# The last thing my cereal bowl sees



## MeanneyFids (Aug 24, 2010)

cant walk into the room with food, cereal being the worst!


dont worry, she didnt get any. i wont allow even a nibble of this cereal as its chocolate and peanut butter.


----------



## roxy culver (May 27, 2010)

She has got such a mischievous look on her face!!


----------



## lperry82 (Aug 2, 2010)

Lol Dally is too cute


----------



## MeanneyFids (Aug 24, 2010)

shes the worst of the pets for table manners, but gylfie is right behind her. gylfie will get into your plate and steal it off the fork, dally dive bombs your food several times lol and will land IN the food


----------



## brittbritt (Oct 25, 2008)

Love the pictures. Moonshine got excited this morning when my husband brought me a biscuit for breakfast. She had to stand on the plate and eat some of the plain eggs on it.


----------



## MeanneyFids (Aug 24, 2010)

lol thats another thing she cant have as i have dipping eggs with salt, but if i have scrambled plain she can have some.


----------



## roxy culver (May 27, 2010)

Egg salad sandwiches are a favorite...the mayo isn't good for them so they just get pieces of bread with egg on it and they think they're eating my sandwich lol.


----------



## Cody (Feb 22, 2011)

Awww lol, little misschief! (sp?)

She's like "aaaall mineee!!!"


----------



## MeanneyFids (Aug 24, 2010)

she's terrible lol


----------



## crazy4tiels88 (Aug 10, 2008)

I Love How Your Bird Room Is Set Up With Stuff Hanging From The Ceilings! I Have A Picture Of Graystar Being Bad As Well! 

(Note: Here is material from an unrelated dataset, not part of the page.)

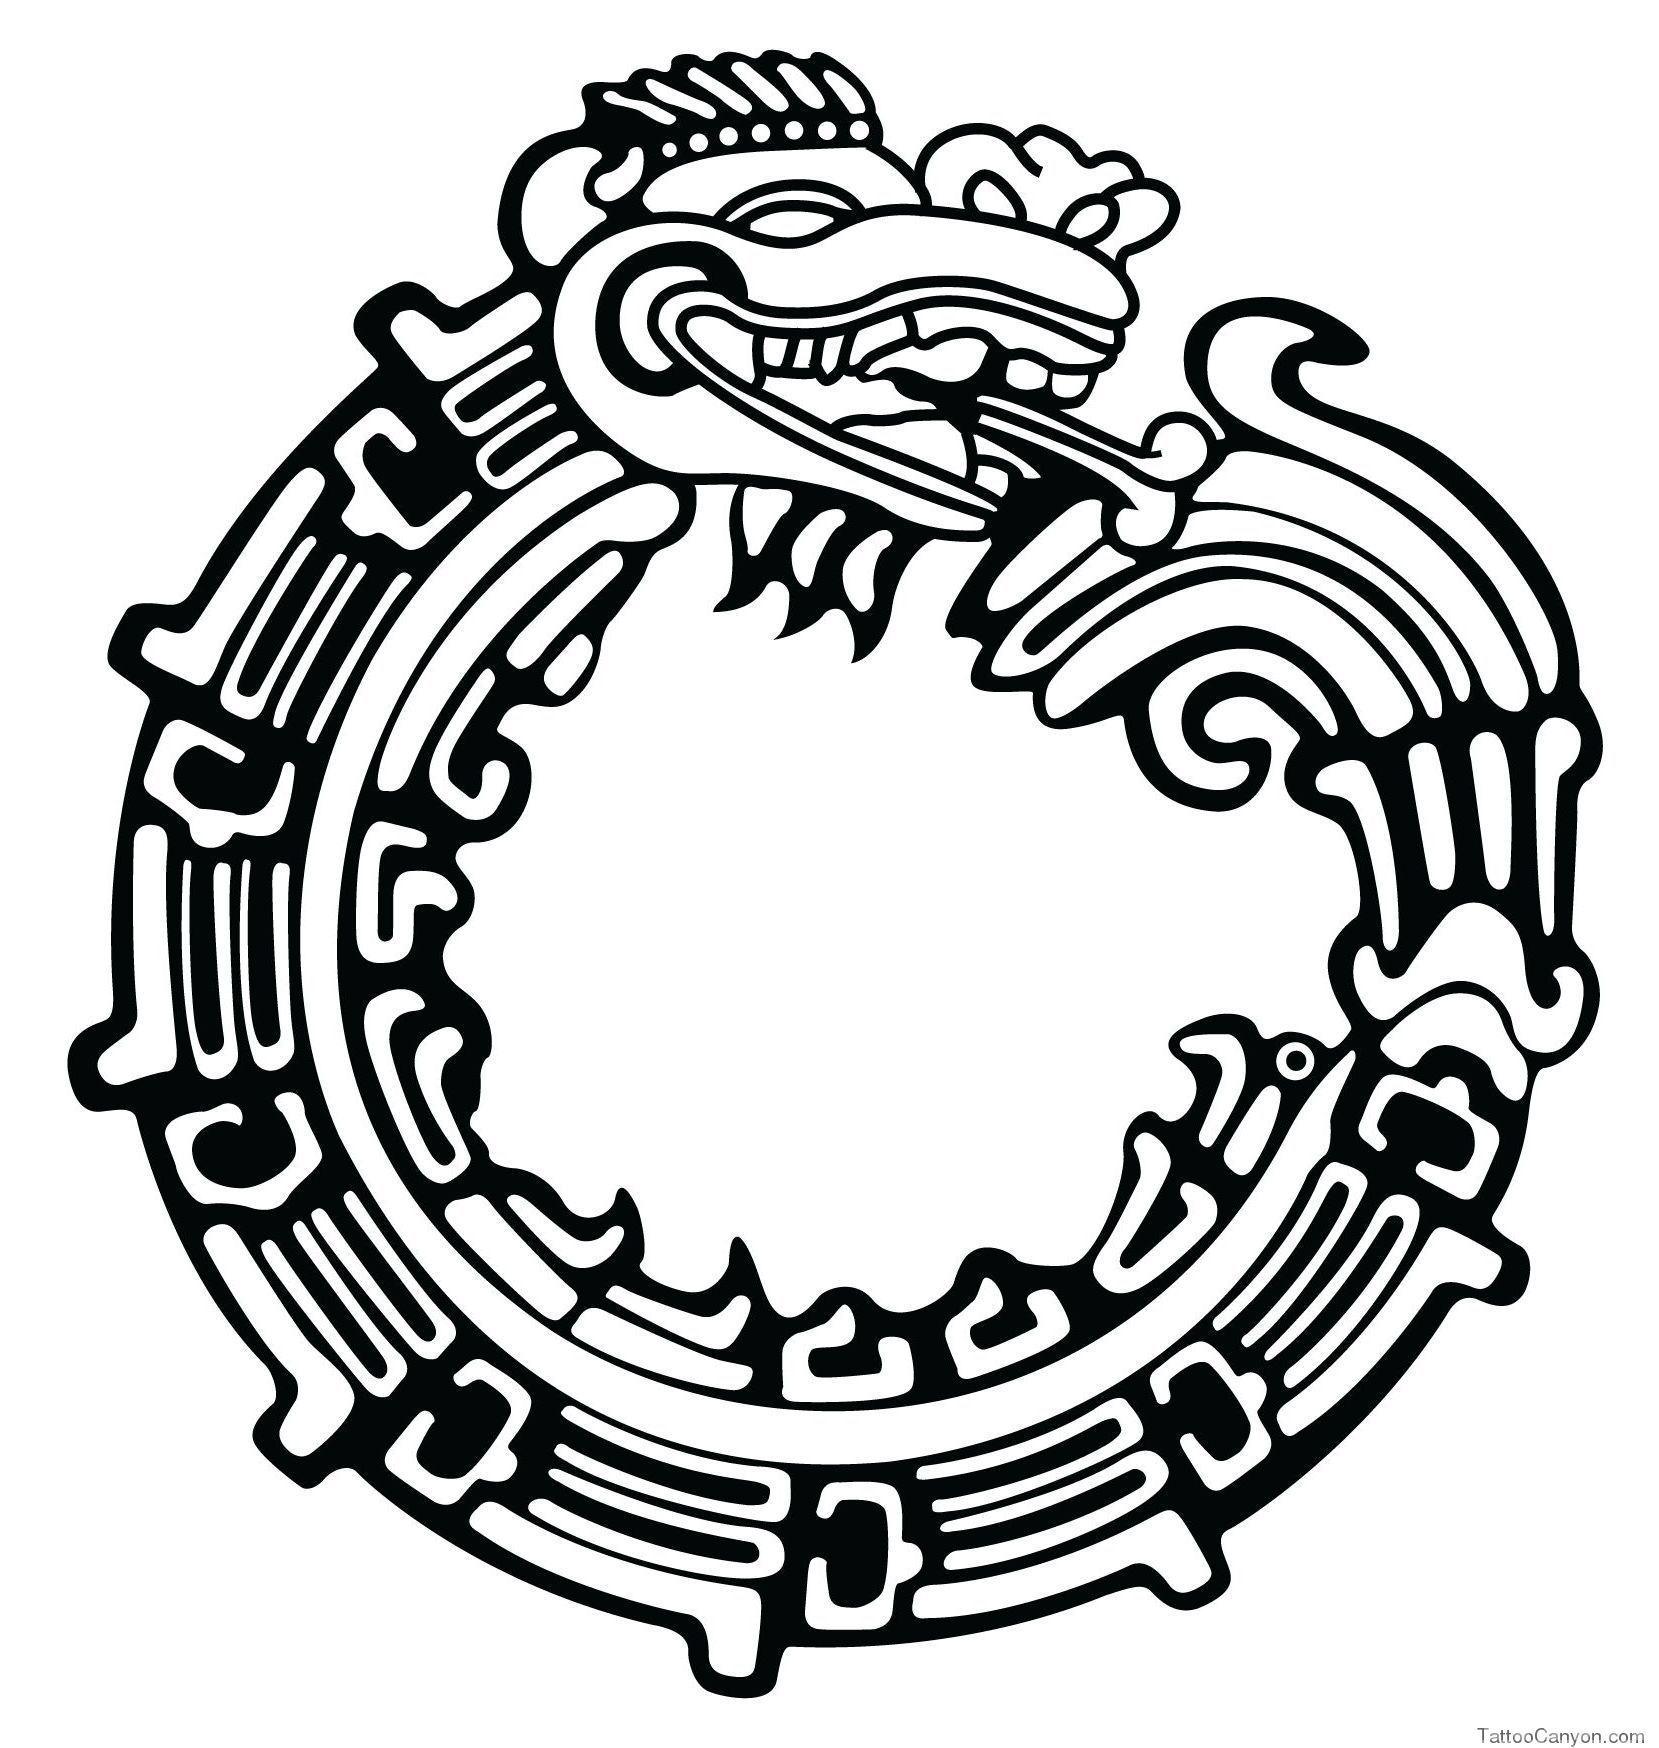 Quetzalcoatl aztec god tattoo aztec god huitzilopochtli mexico quetzalcoatl aztec god tattoo aztec god huitzilopochtli biocorpaavc Gallery

I Turned Around And She Was In My Mom's Bowl Of Potatoe Chips So I Snapped A Picture Fast And Then Took Her And Put Her Back In Her Cage!


----------



## Woodstock (Feb 25, 2011)

Cute pictures; thanks for sharing them. When they see something they want, away they go! I love your play "gym". Nice setup.


----------



## MeanneyFids (Aug 24, 2010)

crazy4tiels88 said:


> I Love How Your Bird Room Is Set Up With Stuff Hanging From The Ceilings! I Have A Picture Of Graystar Being Bad As Well!
> 
> 
> 
> ...


lol thats it, Graystar and Dally are long lost sisters!


----------



## WereAllMadHere (Jan 24, 2011)

Reminds me of the seagulls on Finding Nemo. Mine, mine, mine, mine!


----------



## MeanneyFids (Aug 24, 2010)

LOL! lets hope dally doesnt suddenly learn to talk and then start saying that


----------



## crinklepot (Nov 18, 2010)

Haha love the pics! Polly is so annoying when she does that, she flew into my bowl of beans the other day and got all tomato sauce, then walked all over me  I love your flight pics of Dally, she looks so graceful


----------



## MeanneyFids (Aug 24, 2010)

she is now. you shoulda seen her when she was clipped. her breeder didnt let her learn to fly and she was so clumsy and crash landed with a proper clip. now she flutters, turns suddenly, divebombs, loops around the room and everything. shes great at flying, except she seems to LIKE flying into windows as shes done it a few times. have to keep blinds down or put the gingerbread man stuffed animal in the window lol


----------



## crinklepot (Nov 18, 2010)

LOL the gingerbread toy! I saw your video of that lol, poor Dally....I laughed so much though  Polly is a great flyer too, at first she was rubbish, crashing into everything, but she's really good now  Just wish I could get some good flight pics of her!


----------



## MeanneyFids (Aug 24, 2010)

you think Dally is bad with the gingerbread man, tsuka is worse. he sees it from the other side of the room and he freaks out. hes terrible lol


----------



## crazy4tiels88 (Aug 10, 2008)

lol yea dally and graystar are sisters! lol


----------



## pknight1120 (Feb 9, 2011)

That's a great photo! 

DallyTsuka, I also am loving your setup with the cages and playgyms... Can you post a pic of just the cages and playgym above? I'd like to steal ideas from you for my birdroom.


----------